Still befuddled, the colonel merely looked at him.

"Laser makes heat, we know this," the native continued after a moment of apparent enjoyment of the puzzle. "We cannot bring such heat to here. But we may take material to heat at our furnace where we do the iron. At first we do not think even that is hot enough, but we learn that if we do very slow it will work. We make in that way."

The colonel, who'd previously told the natives they'd be unable to work the material at all, found himself admiring their ingenuity. "Excellent inductive reasoning coupled with considerable creativity," he murmured to Meiersdottir.

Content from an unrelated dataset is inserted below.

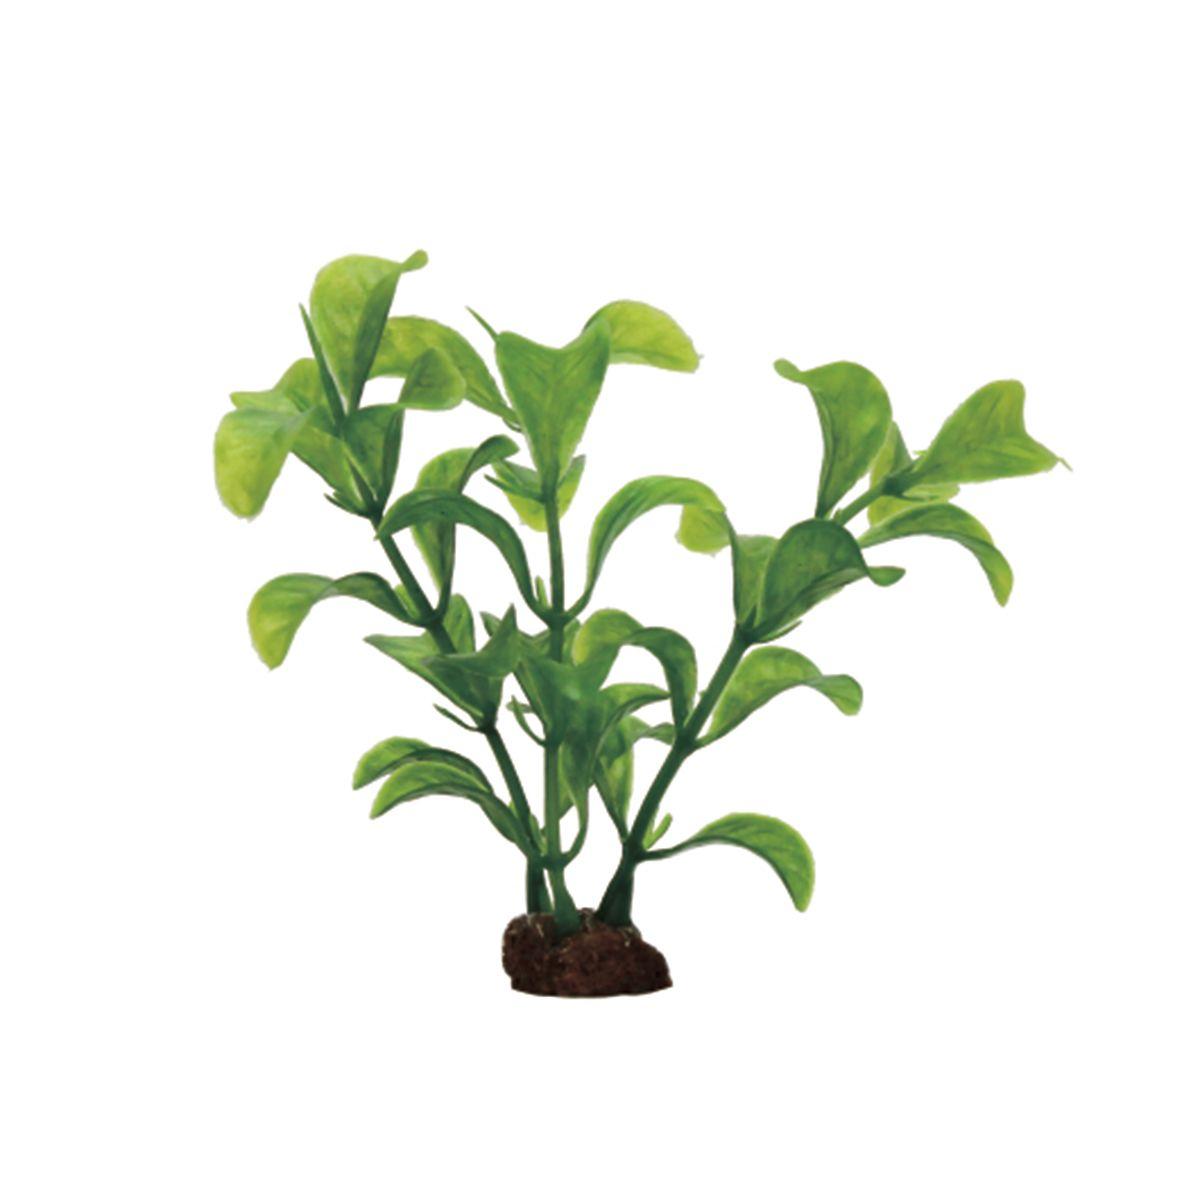 Растение для аквариума ArtUniq Людвигия зеленая, высота 10 см, 6 штART-1170521Растение для аквариума ArtUniq Людвигия зеленая, высота 10 см, 6 шт

"There is more," said Akakha proudly. He showed them a waterwheel-driven lift that elevated small containers of water several feet where they spilled into a series of downsloping clay troughs that provided continuously running water at two locations inside the main pavilion, with the excess being routed back to the canal. There were also numerous tables and chairs built to what were clearly human, not Edenite, specifications.

"Also these, for night rest," the alien finished, leading them to a neat stack of perhaps twenty-five or thirty pallets made of the same cloth the Edenites used for their attire and stuffed with what Igwanda suspected was batting made of dried vegetation of some sort.

"It's marvelous," Meiersdottir praised him. "You've gone to a great deal of trouble for us, and we thank you very much indeed."

"You give us much, much," Akakha replied. "You have said it is trade, but we have little to trade with you. We know that this is small, but it is a way for us to give you back a little for the teaching you make. We hope that you like what we have done."